How can I do that. This looks like the way.

You can brackpropagate w.mean(), w.sum() or whatever which returns an scalar. Anyway I there is no such a thing as initialization…

Thanks @JuanFMontesinos, ah, I had such a hard time making this test, you helped.

Here is what I have when using the function `w.mean`.

``````w = torch.randn(2, 5, requires_grad=True)
print(w)
r = w.mean()
r.backward(retain_graph=True)
# tensor([[ 0.6635, -0.3868,  2.0399,  0.3369, -0.5601],
#         [ 0.0737,  0.7711, -1.0142,  0.8241,  0.7964]], requires_grad=True)
# tensor([[0.1000, 0.1000, 0.1000, 0.1000, 0.1000],
#         [0.1000, 0.1000, 0.1000, 0.1000, 0.1000]])
``````

I am afraid I cannot understand this result. Do we have in here the gradients accumulation?

You have the derivative of a sum wrt to each element: d((x+sum)N)/dx for each element which equals 1/10

What exactly would you like to show?
You can pass a gradient of the same shape as `w`, which would only set `w.grad` to this particular value:

``````w = torch.randn(2, 5, requires_grad=True)
w.backward(torch.ones_like(w))
> tensor([[1., 1., 1., 1., 1.],
[1., 1., 1., 1., 1.]])
``````

@ptrblck, this url has the intriguing text: " For the weights, we set `requires_grad` after the initialization, since we don’t want that step included in the gradient." which I wanted to prove.

Maybe this is not more the case.

I would recommend to wrap evenrything in a `with torch.no_grad()` block, which should not be tracked by Autograd.
While this approach of manually setting `requires_grad(True)` will most likely work for this manual approach, it’s a bit clearer for me to just use `torch.no_grad`.

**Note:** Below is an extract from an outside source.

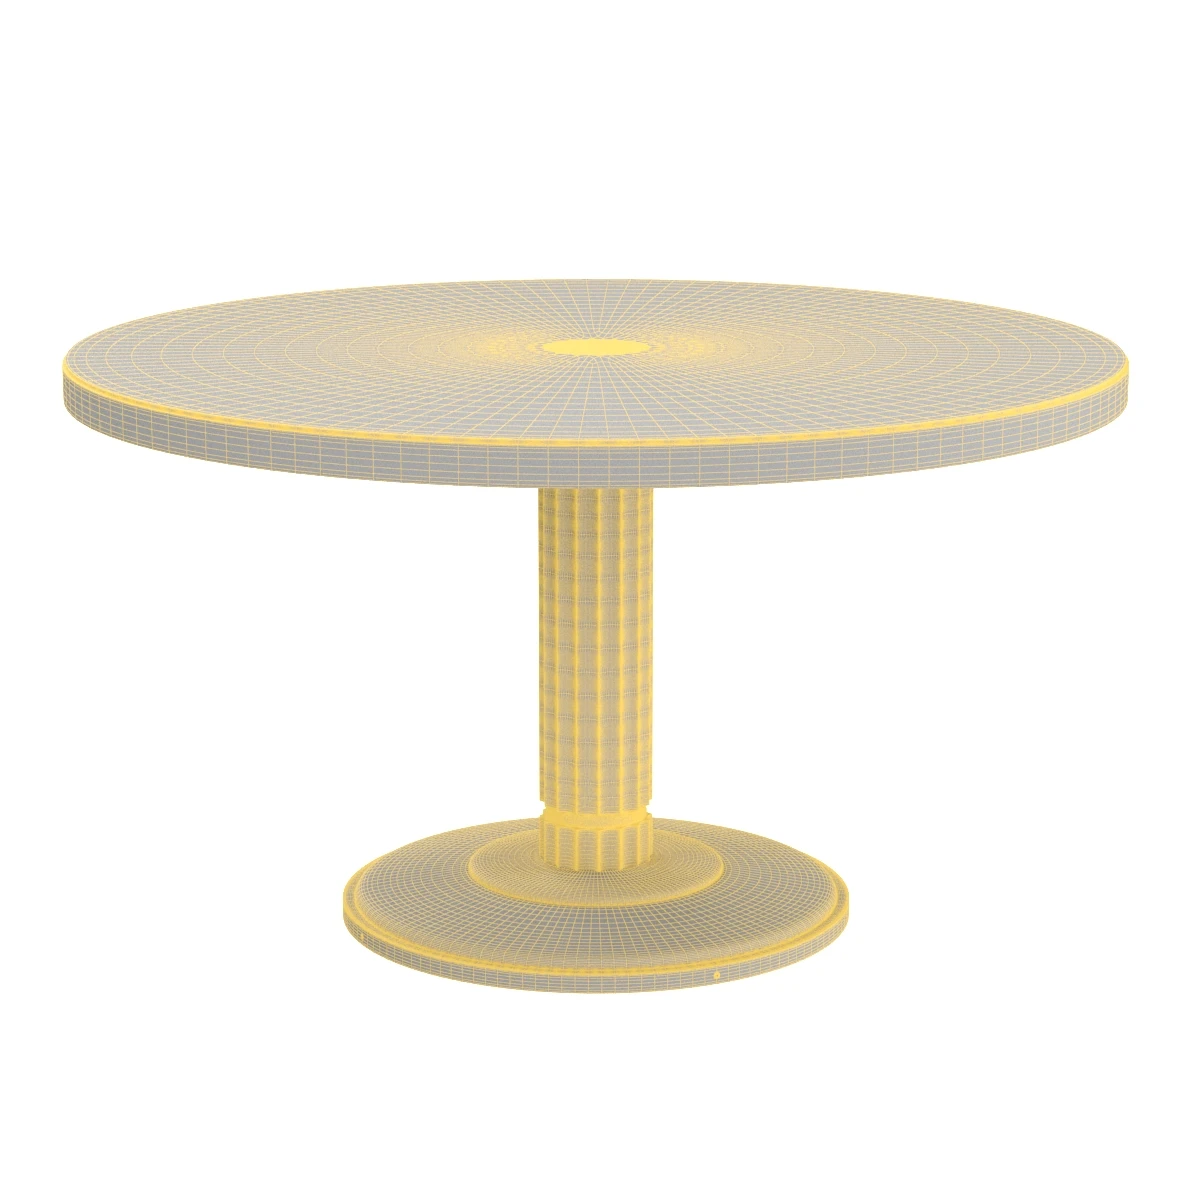 TH Robsjohn Gibbings Occasional or Center Table for Baker 3D Model_07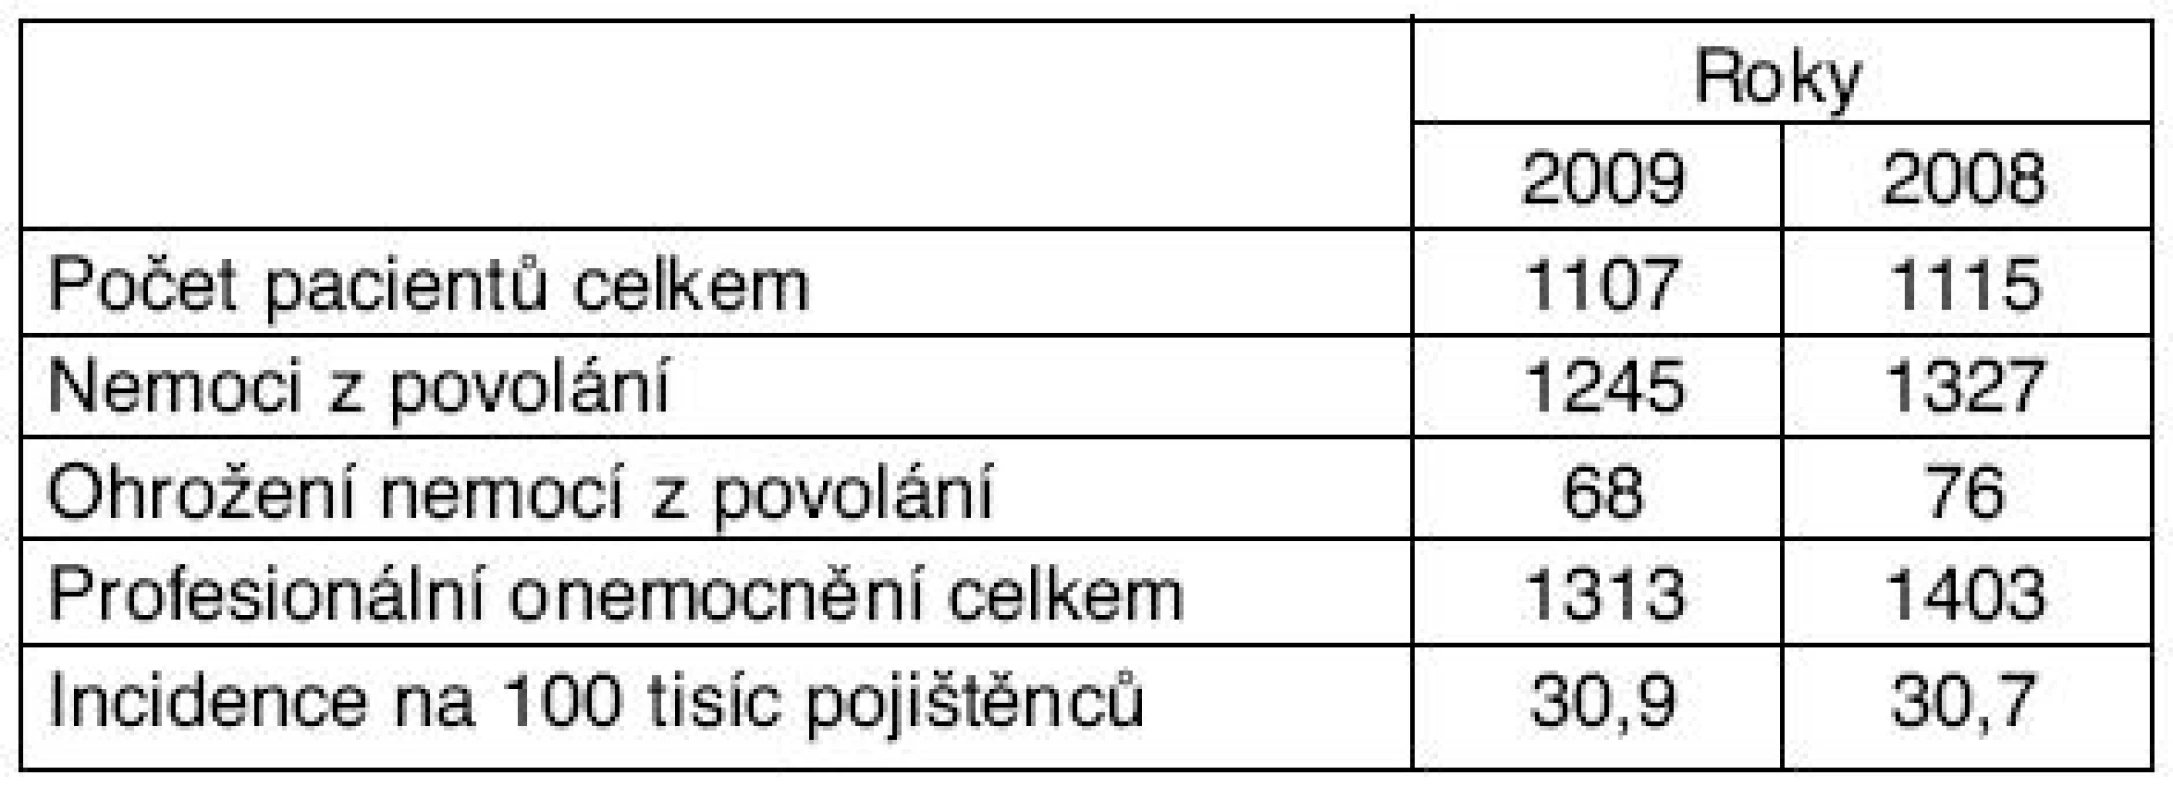 Profesionální onemocnění hlášená v České republice v letech 2008 a 2009

OK, this is something I will certainly do when I don’t plan to track autograd, but in here, I just wanted to check if we can track gradients of random initialization:

``````w = torch.randn(2, 5, requires_grad=True)
``````

Here is what you are trying to prove. Let T1 and T2 be two tensors created by the `torch.randn()` function, provided the same random seed, with the only difference them between being the moment at which `requieres_grad` is set to `True`. That is,

``````seed = 42
# use seed to create the first random tensor
torch.random.manual_seed(seed)
T1 = torch.randn(2,5, requires_grad = True)
# use the same seed to create the second random tensor
torch.random.manual_seed(seed)
T2 = torch.randn(2,5)
T2.requieres_grad_(True) # notice the inplace operation
``````

Now, let us perform the exact same operations in both tensors `T1` and `T2`. In this way, once we call the `backward()` method with some different tensor of the same shape as input (in this case I chose a tensor of all ones), both tensors `T1` and `T2` should have the same value at their `grad` atribute.

``````# for T1
x1 = 3 * T1
y1 = x1 + 1
z1 = y1 * y1

# for T2
x2 = 3 * T2
y2 = x2 + 1
z2 = y2 * y2

# calling the backward method
z1.backward(torch.ones_like(z1))
z2.backward(torch.ones_like(z2))

# printing the .grad for T1 and T2
#tensor([[ 12.0604,   8.3186,  10.2203,  10.1460, -14.2114],
#        [  2.6461,  45.7476,  -5.4839,  14.3098,  10.8123]])
#tensor([[ 12.0604,   8.3186,  10.2203,  10.1460, -14.2114],
#        [  2.6461,  45.7476,  -5.4839,  14.3098,  10.8123]])
``````

You get the same value for both.

HOWEVER, the intriguing text inside the link you are referring to (url), aims for something different. Let me paste the code that originated the confussion,

``````weights = torch.randn(784, 10) / math.sqrt(784)
For this case, it does matter where `requieres_grad` is set to `True`. If you try to set it at the first line, like this
``````weights = torch.randn(784, 10, requires_grad=True) / math.sqrt(784)
after arbitatry operations are performed on `weights` and the `backward()`method is called, you will see a warning from PyTorch saying that yout are trying to access the `grad` attribute of a non leaf tensor, so `weights.grad` is set to `None`. Why? Becasue in such case, `weights` does not follow the definition of a leaf tensor: A leaf Variable is a variable that no operation tracked by the autograd engine created it (see this post for further examples). So, what is keeping `weights` from being a leaf variable? The division by `sqrt(784)`.